Technical note: the “estimated marginal means” are equal to the observed means in our previous means table because we tested the saturated model (consisting of all main and interaction effects as this is the default setting in UNIANOVA).
Two Way ANOVA Output - Between Subjects Effects
Our means plot was very useful for describing the pattern of means resulting from diet and exercise in our sample. But perhaps things are different in the larger population. If neither diet nor exercise affect weight loss, could we find these sample results by mere sampling fluctuation? Short answer: no.

In Tests of Between-Subjects Effects, we're interested in 3 rows: our 2 main effects (diet and exercise) and 1 interaction effect (diet * exercise). We usually ignore the other rows such as “Corrected Model” and “Intercept”.
First the interaction: if the effect of exercise is the same for all diets, then there's a 0.44 probability (p-value under “Sig” for “significance”) of finding our sample results. We usually report our df (“degrees of freedom”), F-value and p-value for each of our 3 effects separately:
“An interaction between diet and exercise could not be demonstrated, F(4,171) = .94, p = 0.44.”
Further note that partial eta squared is only 0.021 for our interaction effect. This is basically negligible.
If and only if there's no interaction effect, we'll look into the main effects, both of which have p = 0.000: if there's no main effects in our larger population, the probability of finding these sample main effects is basically zero.
Partial eta squared is 0.51 for exercise and 0.20 for diet. That is, the relative impact of exerice is more than twice as strong as diet.
Last but not least, adjusted r squared tells us that 54.4% of the variance in weight loss is attributable to diet and exercise. In social sciences research, this is a high value, indicating strong relationships between our factors and weight loss.
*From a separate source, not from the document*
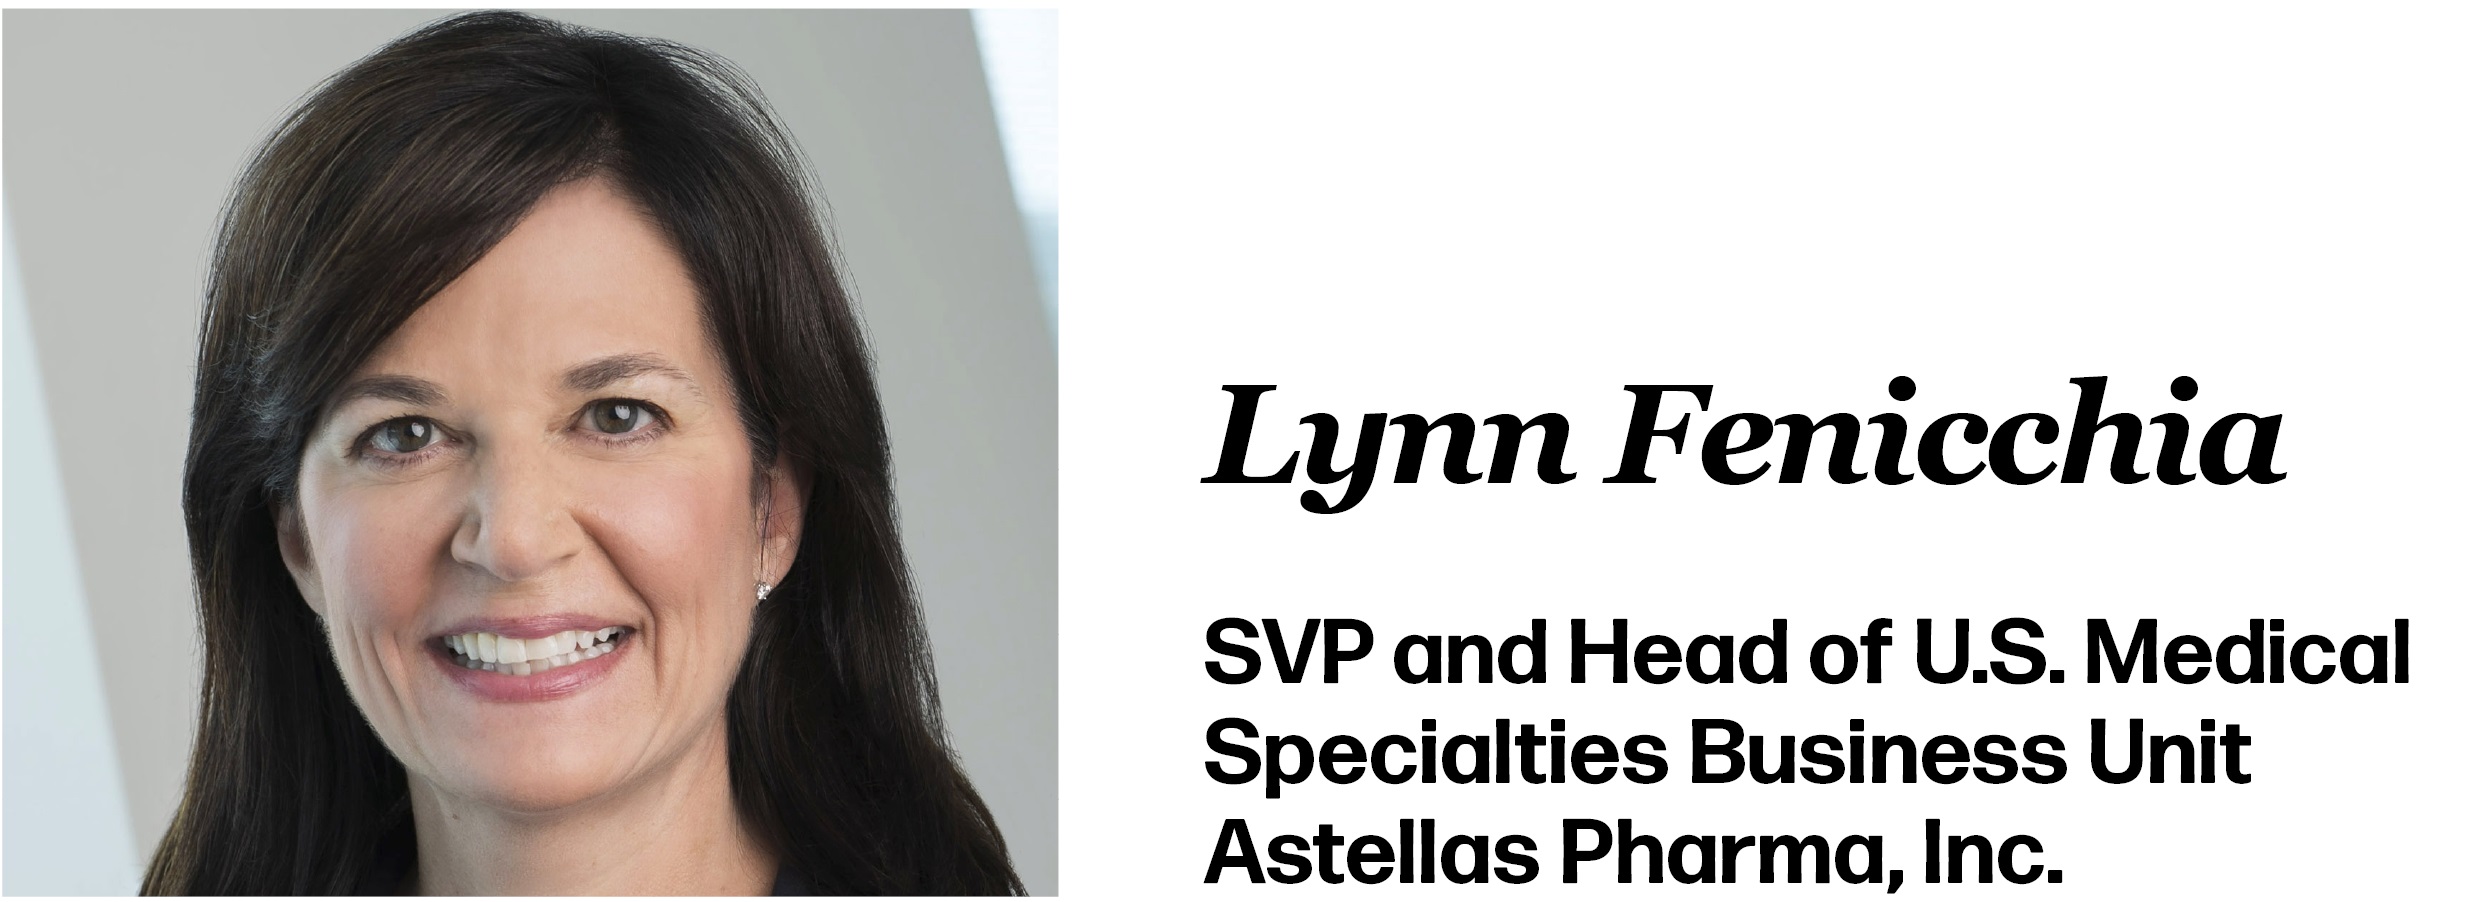 Lynn Fenicchia SVP and Head of U.S. Medical Specialties Business Unit Astellas Pharma, Inc.

Two Way ANOVA Output - Multiple Comparisons
We now know that the average weight loss is not equal for all different diets and exercise levels. So precisely which means are different? We can figure that out with post hoc tests, the most common of which is Tukey’s HSD, the output of which is shown below.

For 3 means, 3 comparisons are made (a-b, b-c and a-c). Each is reported twice in this table, resulting in 6 rows.
The difference in weight loss between no exercise and 30 minutes is 0.29 kilos. If it is zero in our larger populations, there's an 85.2% probability of finding this in our sample. Our results don't demonstrate any effect of 30 minutes of exercise as compared to no exercise.
The difference between no exercise and 60 minutes is a whopping 6.28 kilos. Both the asterisk (*), confidence interval and p-value show that the difference is statistically significant.
A similar table for diet appears in the output but we'll leave it as an exercise to the reader to interpret it.
So that's about it. I hope you were able to follow the lines of thought in this tutorial and that they make some sense to you.